If you are travelling to Mozambique or the Kruger National Park this Easter weekend, read on: the National Institute for Communicable Diseases this week released an alert warning that malaria transmission is ongoing in SA and its neighbouring countries.
The number of malaria cases is expected to rise as a result of travel during the Easter holidays and the recent widespread rainfall and humidity across Southern Africa.
Dr Albie de Frey of Travel Doctor reports that there have been a number of malaria cases recently in areas where there had not been outbreaks for the last few decades, such as the Waterberg region.
All residents and travellers to and from malaria transmission areas (in South Africa this includes the north-eastern parts, covering Mopani and Vhembe districts of Limpopo Province, and the western parts of the Waterberg district (Thabazimbi and Lephalale areas) remain at risk. Other areas of high transmission risk include the lowveld of Mpumalanga Province, including the Kruger National Park and surrounds, and the northern KwaZulu-Natal Province-Mozambique border.
To help you keep safe, follow these simple tips
Preventing bites by the malaria-carrying Anopheles mosquito is ‘always indicated, irrespective of the use of tablet to avoid malaria’, says De Frey. Don’t go outdoors between dusk and dawn in risk areas, cover up (long pants and sleeves, socks and closed shoes), and apply insect repellent to all exposed areas.
There is still no vaccine available (one may be in the pipeline, but not for travellers), and no malaria prophylactic tablet is 100% effective in preventing malaria or totally free of side effects. However, it is still crucial to take one of those available – they offer 90% protection, says De Frey, and malaria is a serious disease that kills rapidly.
The main choice today is between mefloquine (Lariam®/Mefliame®), taken once a week; doxycycline (which has many trade names), taken once a day after meals; and a combination of atovaquone and proguanil (Malanil®/Mozitec®/Malateq®), also taken once a day. Mefloquine and doxycycline must be taken for four weeks after leaving the malaria area, atovaquone/proguanil can be stopped after seven days but is much more expensive, says De Frey.
He adds that they all have the same minor side effects – ‘much less serious than malaria’ – and the final choice depends on personal preference ‘and the traveller’s chronic disease and medication profile’. Your medical professional or a travel doctor can prescribe the one best suited to you.
Know the signs of malaria, and that they can manifest even if you have taken all precautions. ‘Seek early help!’ says De Frey. Also be aware that signs may show only weeks, months, and even years after you have been bitten. They are cold shivers, high fever, sweating, headache, nausea, vomiting and diarrhea, muscle pain, weakness and finally bleeding, convulsions and coma (‘cerebral malaria’).
Many of these signs can be misdiagnosed as flu with fatal results, so if you have been to a malaria-risk area at any stage, tell your health practitioner and insist on being tested.

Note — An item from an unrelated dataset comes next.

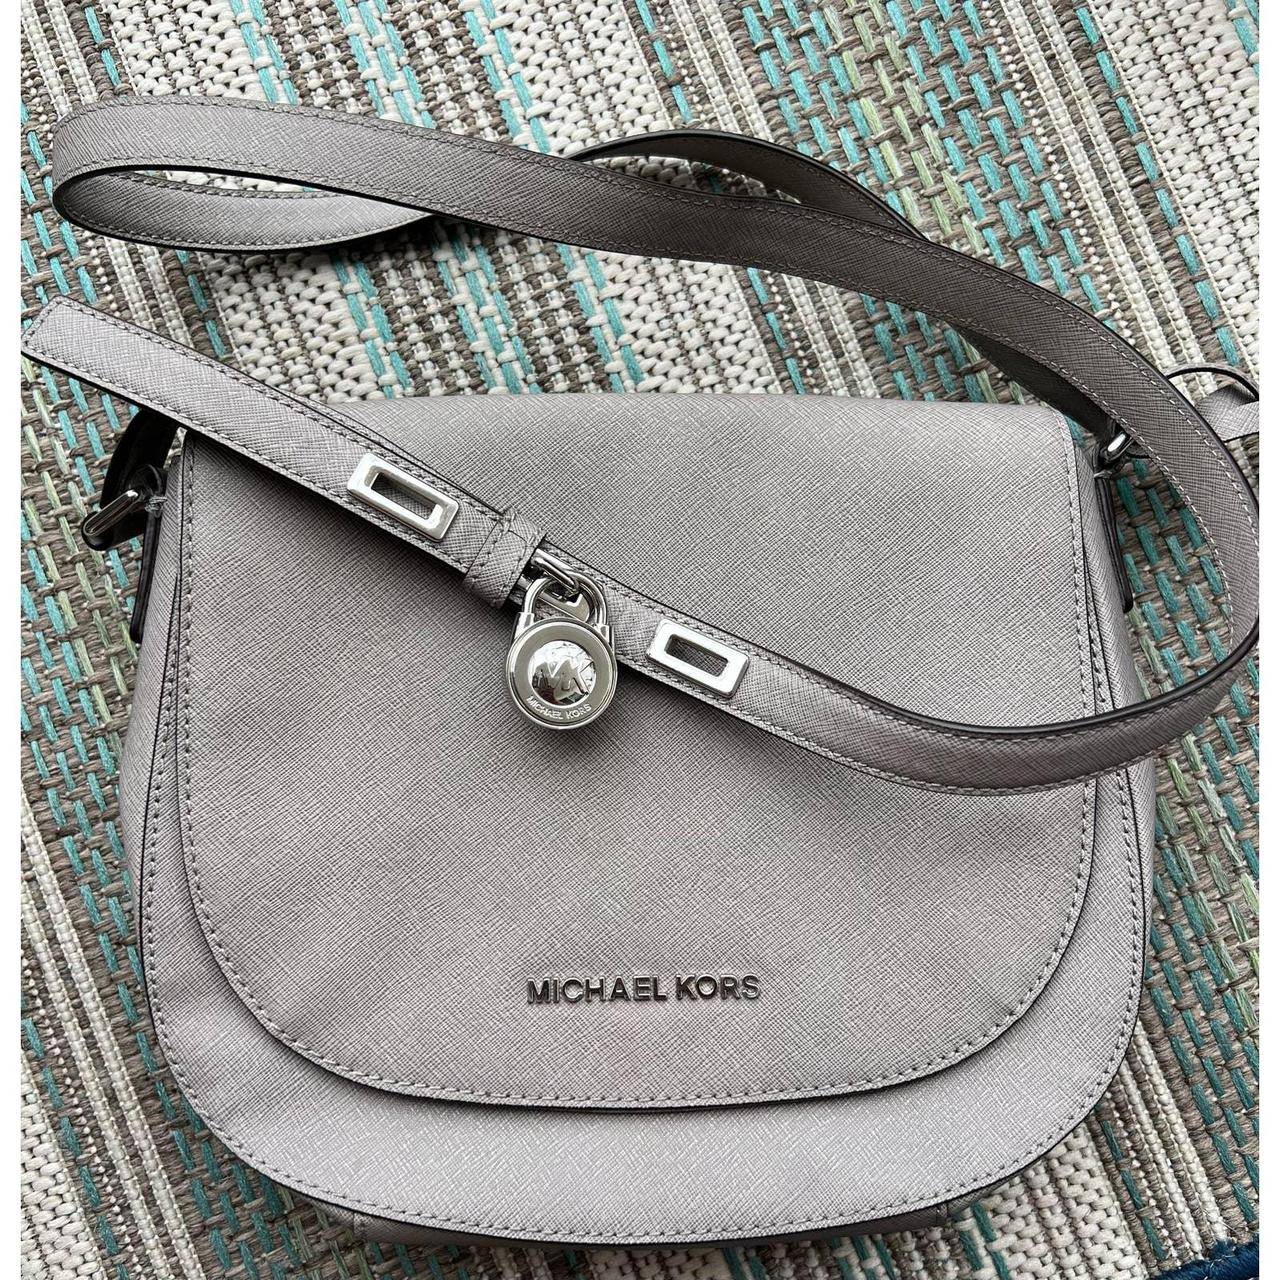 Michael kors Ciara crossbody purse Used Missing Crossbody Strap | eBay

‘If you are close to good medical care you should be tested by a laboratory,’ says De Frey. ‘If you are going to travel remotely, you may want to take a malaria rapid test kit along, but then you and your travel companions must get trained on when and how to use it – and phone for knowledgeable medical assistance when you do use the kit.’ (Your Clicks pharmacy can order kits on request, says Clicks pharmacist Waheed Abdurahman.)
A single negative malaria test never excludes malaria, De Frey says – ‘repeat the test within hours if the person is no better or gets worse’.
If you are diagnosed with malaria, it needs to be treated as a medical emergency. Early treatment is key – the anti-malarial drug artemether-lumefantrine (Coartem®) is highly effective for uncomplicated malaria provided treatment is started quickly.
Pregnant women and babies may be treated instead with oral quinine plus either doxycycline or clindamycin. ‘The Travel Doctor advises that pregnant women and children under 5 should best avoid high risk malaria areas altogether,’ says De Frey. Follow your doctor’s advice.
(All medicines mentioned above must be prescribed by a doctor after a consultation and cannot be bought without prescription, says Abdurahman.)